By Barry Ellsworth
A cyberattack on the Ontario government and its transit system in Toronto by North Korea was detected and successfully disrupted, Canadian media reported Tuesday.
No personal information was accessed, and the attack did not succeed in disrupting Metrolinx schedules of trains and buses.
Metrolinx is a provincial agency that runs transportation services for Toronto – the fourth largest city in North America and capital of Ontario province – and nearby Hamilton.
Anne Marie Aikins, a spokesperson for Metrolinx, acknowledged that the attack happened recently but would not be more specific, citing security issues.
“The incident is over, but the investigation of it and the action that we take continues to ensure we continue to protect all of our systems,” Aikins said.
“It did not infiltrate any of our systems that protect trains and buses.
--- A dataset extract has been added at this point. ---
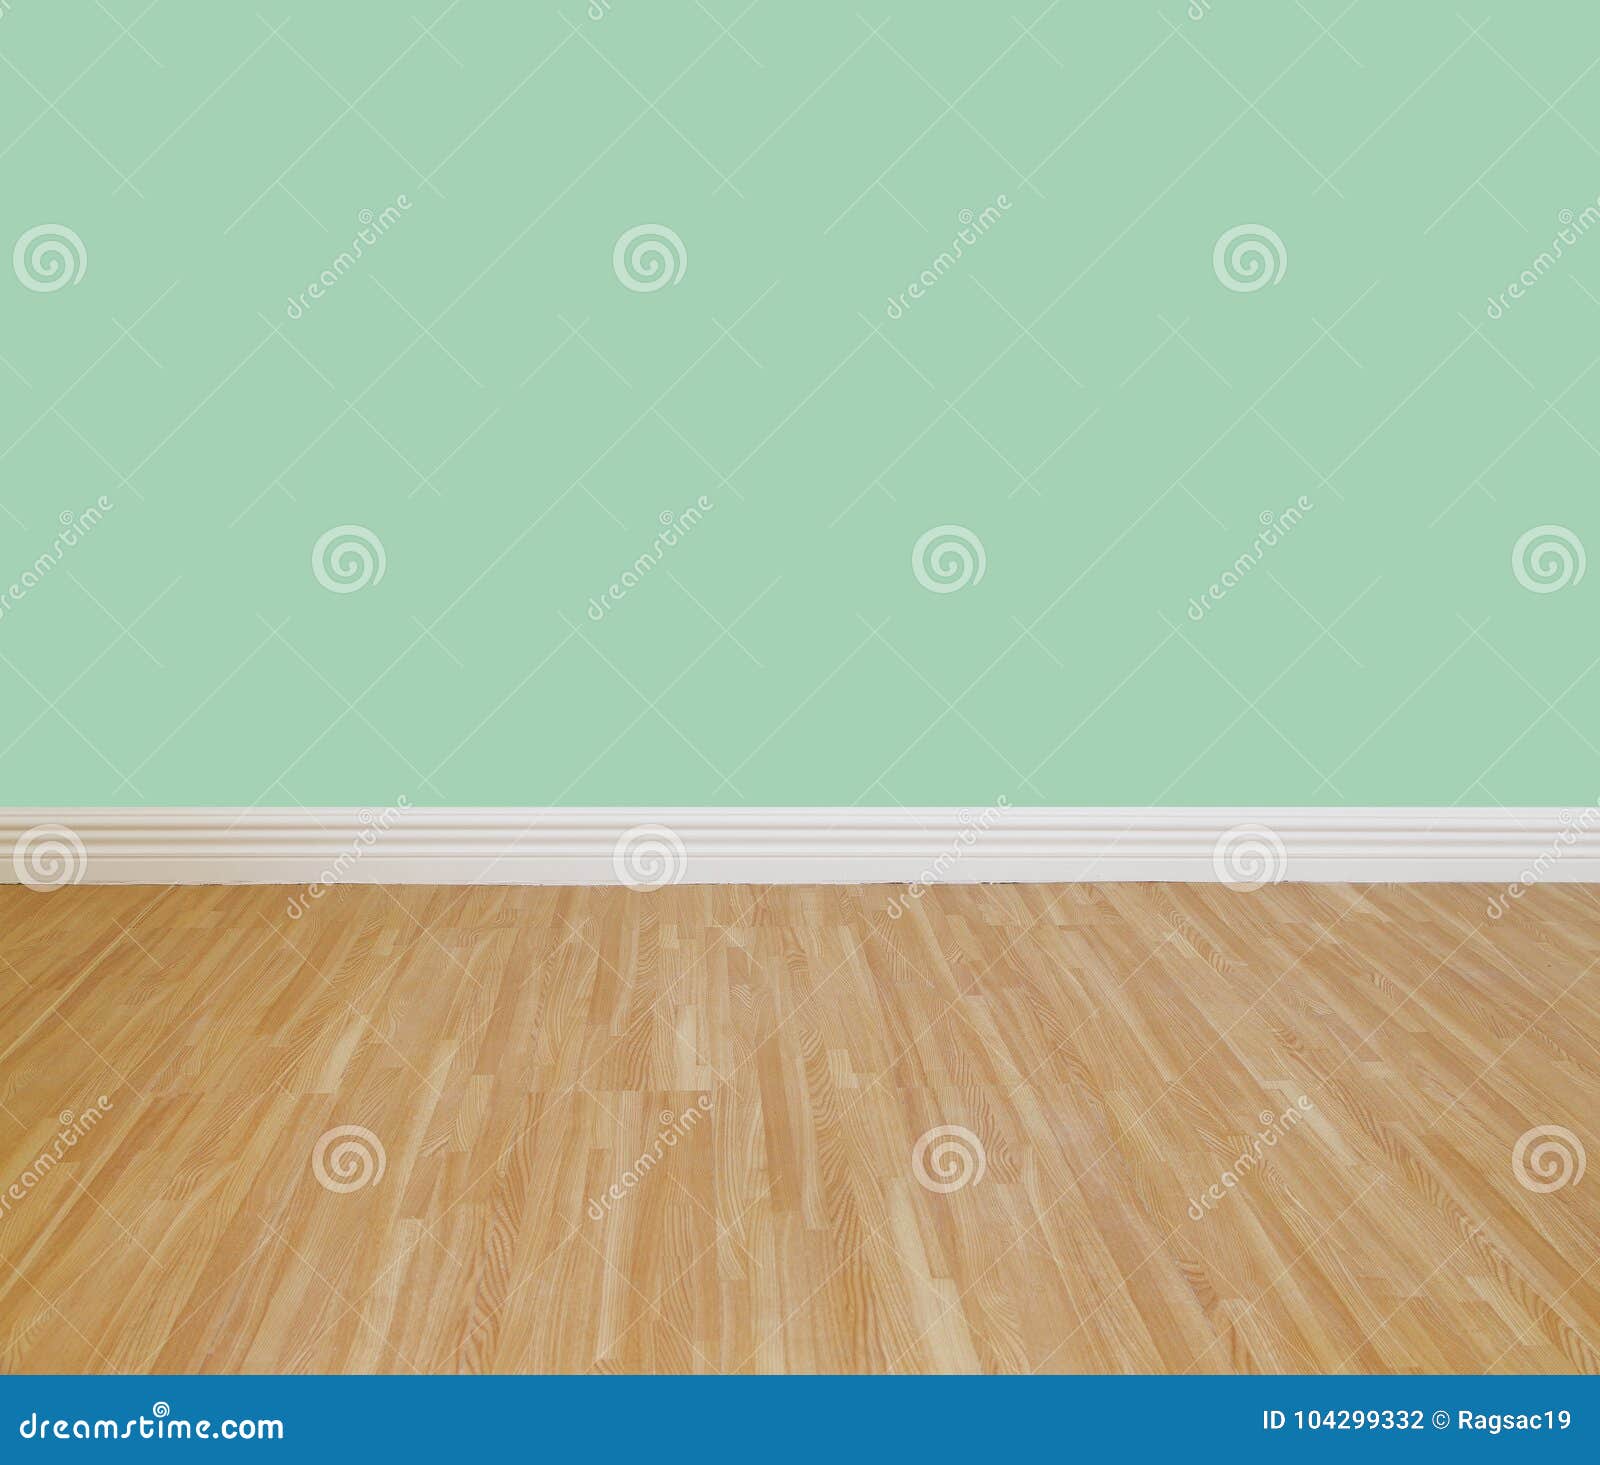 House Wall Painted With Cyan Shade With Wood Design Flooring Stock

Safety was not compromised.”
A subsequent investigation showed the malware attack originated in North Korea and was routed through Russia.
Ray Boisvert, a former assistant director of the Canadian Security Intelligence Service and now security advisor to the province, said the attack does not come as a surprise. North Korea, Russia and China are always looking to steal digital secrets from countries like Canada, he said.
“Are there situations where I think North Korea or other countries would have an interest in this jurisdiction?” Boisvert said. “I have few doubts.”